Passengers will be willing to pay higher ticket prices to airlines that can demonstrably prove that they are acting in a sustainable manner, design guru Paul Wylde said June 13.
Speaking after a session at the Passenger Experience Conference (PEC) in Hamburg, Wylde said that this phenomenon had been seen in other industries and there was no reason why it should not also apply to airlines.
During a PEC session on “renewal and revolution” in the commercial aviation sector, Virgin Atlantic VP customer journeys and reward Anthony Woodman concurred that environmental considerations were becoming increasingly important to passengers.
“Customers are interested in their footprint on the world,” Woodman said. However, passengers looked at the issue in a different way than airlines.

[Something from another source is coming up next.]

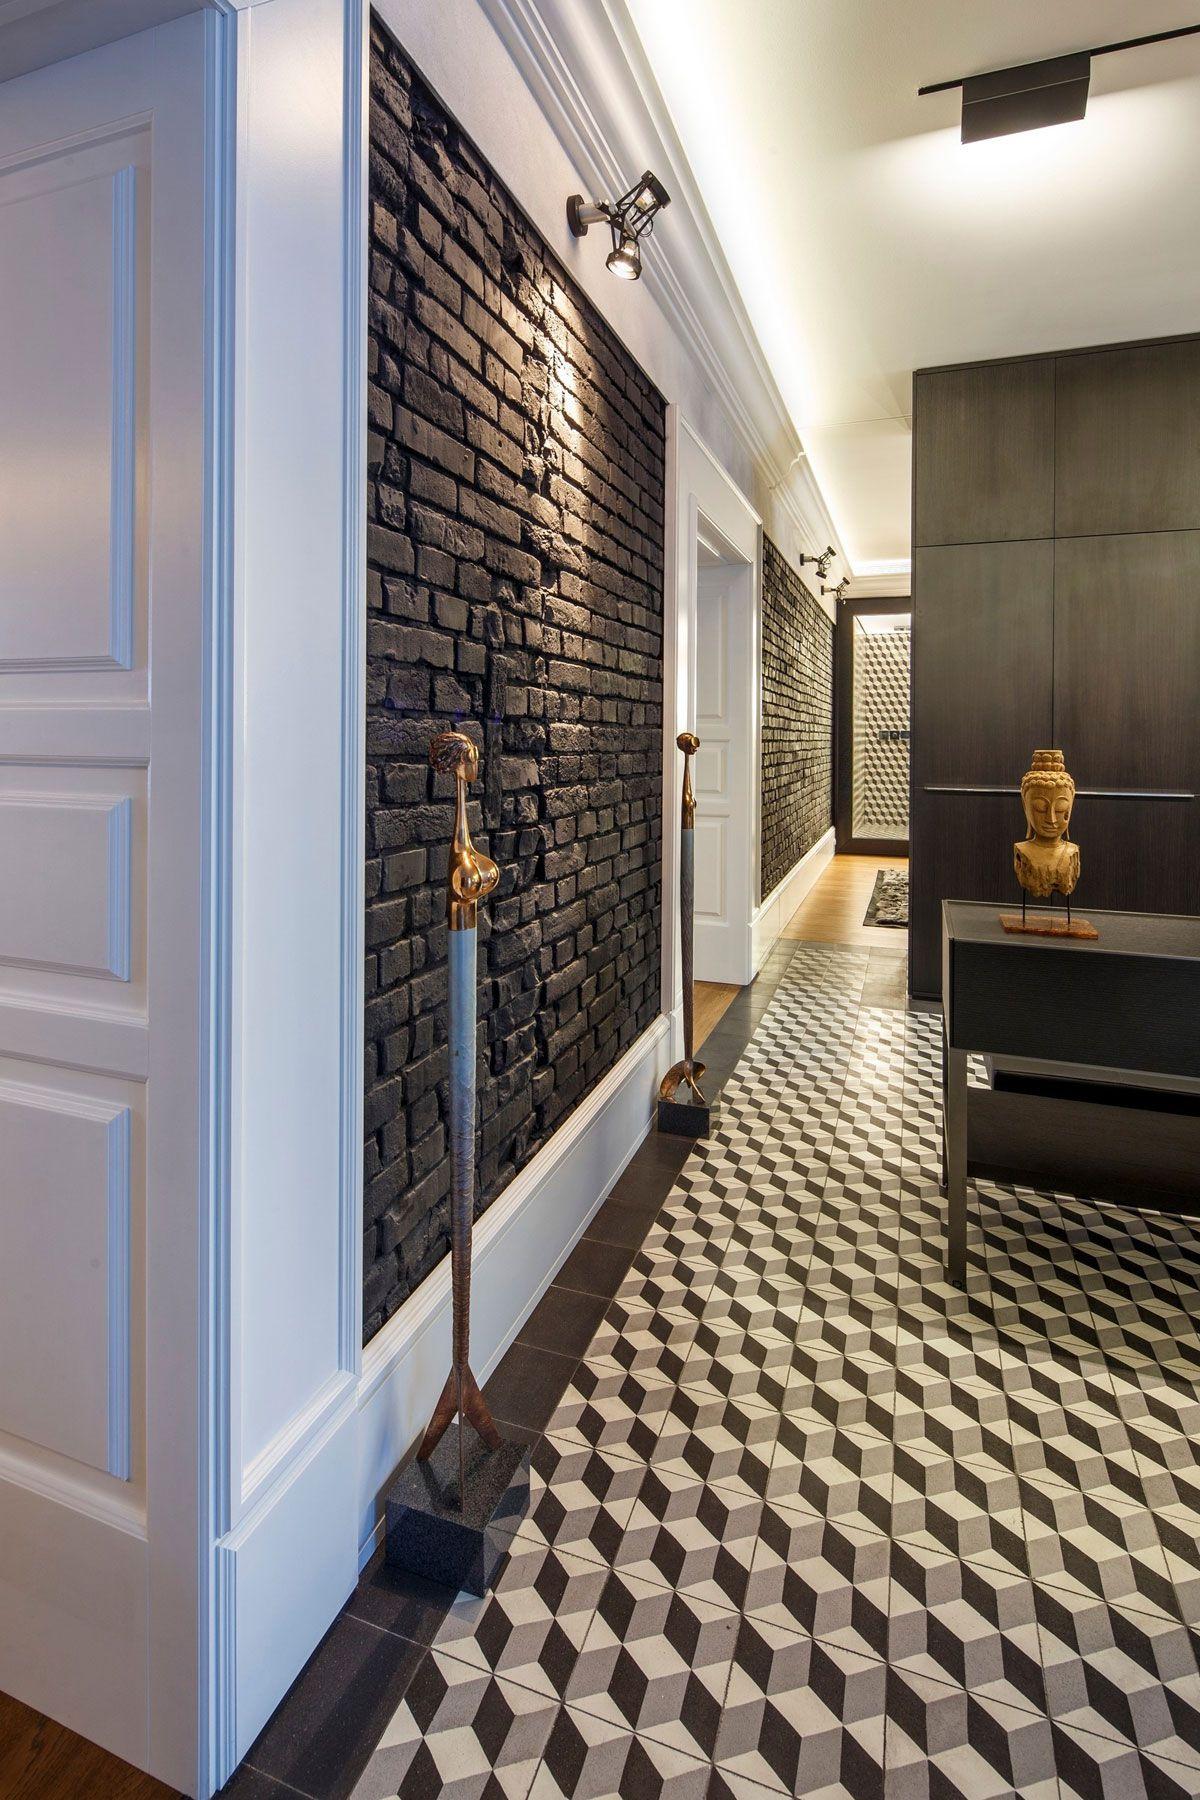 Modern Style Apartment modern style of man's choice 2 apartmentat26 - caandesign

Whereas airlines had silos of people looking at issues such as plastics and carbon, passengers looked at carriers’ sustainability efforts in the round. “I don’t see it as a plastic premium or carbon premium; I see it as a brand premium.”
The session heard that major efforts were going into trying to create new, lightweight, sustainable materials for cabins, both to cut weight (and thus fuel burn) and to meet the sustainability brief.

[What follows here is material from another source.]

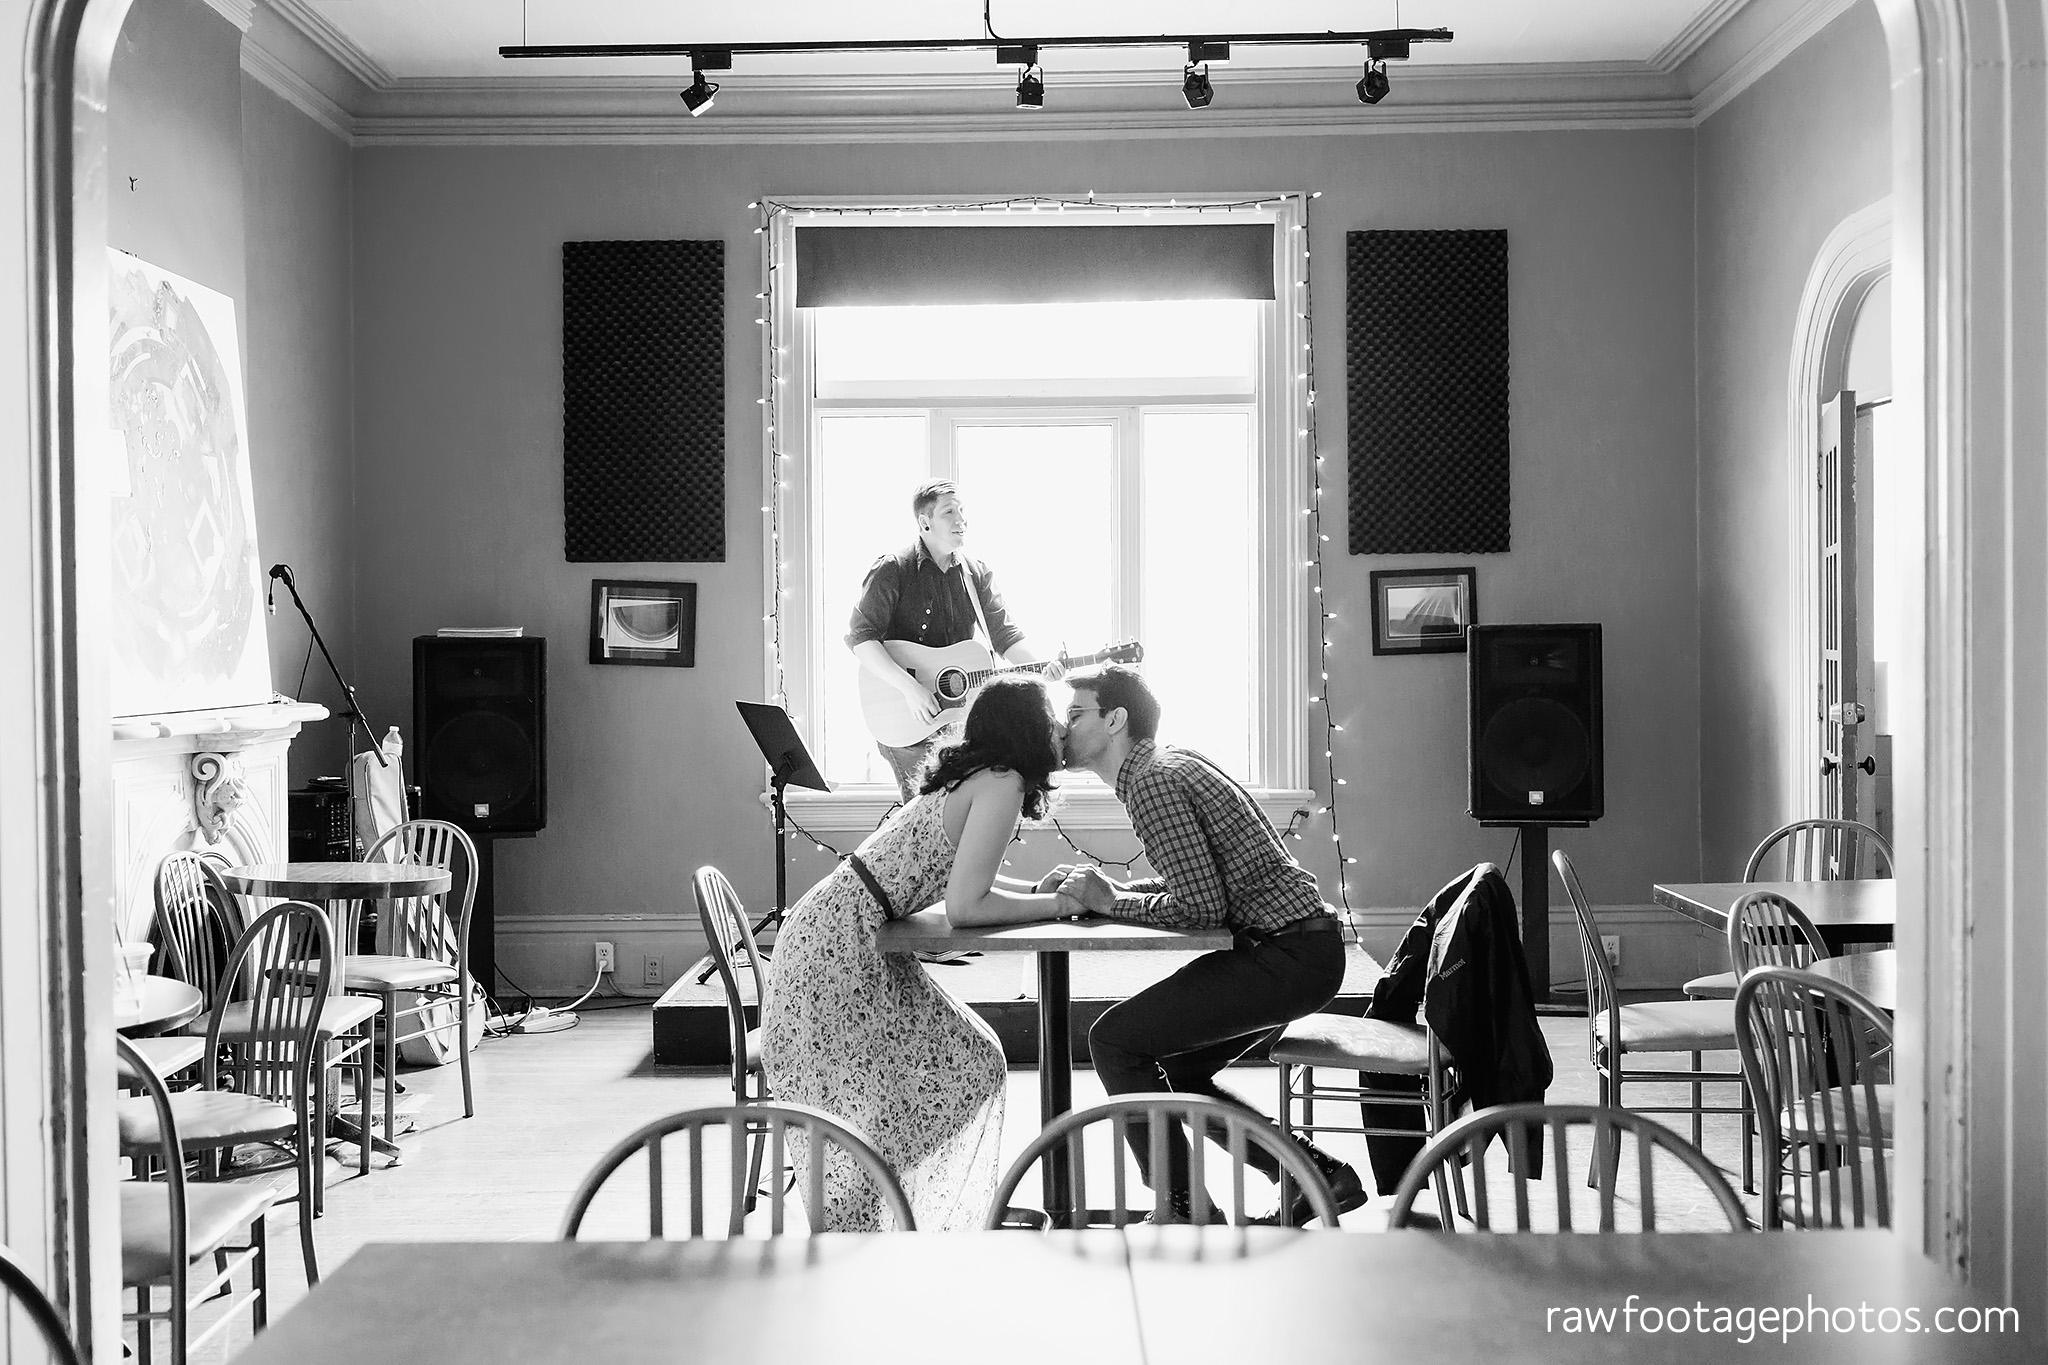 london_ontario_photographer-proposal_photographer-surprise_proposal-london_music_club-raw_footage_photography-wedding_photographer004.jpg

However, Matthew Nicholls, sales director of cabin interior materials specialist Tapis, said some lightweight materials, such as magnesium alloys, met the weight brief but had potential safety implications on issues such as flame resistance. Additionally, some of the potentially most promising bio-materials face a major problem in being scaled up from laboratory experiments to commercial usage, he said.
Nicholls knew of one company that had spent eight years and large sums of money trying to create an artificial leather and as yet could only produce it at a petri dish level, with no firm indication as to whether this could be scaled up to commercial quantities. “There’s a reason why leather is the third-oldest product in human history,” he said.
Other materials, while on the surface providing good sustainability characteristics, carried hidden costs, Nicholls added.
Bamboo, for example, was a readily renewable resource that grew quickly, but required quite intensive processing procedures. Wylde said that one of the barriers to bringing into service new materials were unwieldy and bureaucratic certification requirements.
Wylde suggested that the industry should consider doing more to get the message on what it was doing to make commercial aviation more sustainable out to consumers.
“Design for airlines and aircraft is an inherently sustainable process,” Wylde said. The industry’s continual quest for efficiency, expressed in areas such as reduction in parts count, weight-saving and adaptability “are inherently sustainable processes. The challenge now is how to communicate that elegantly.”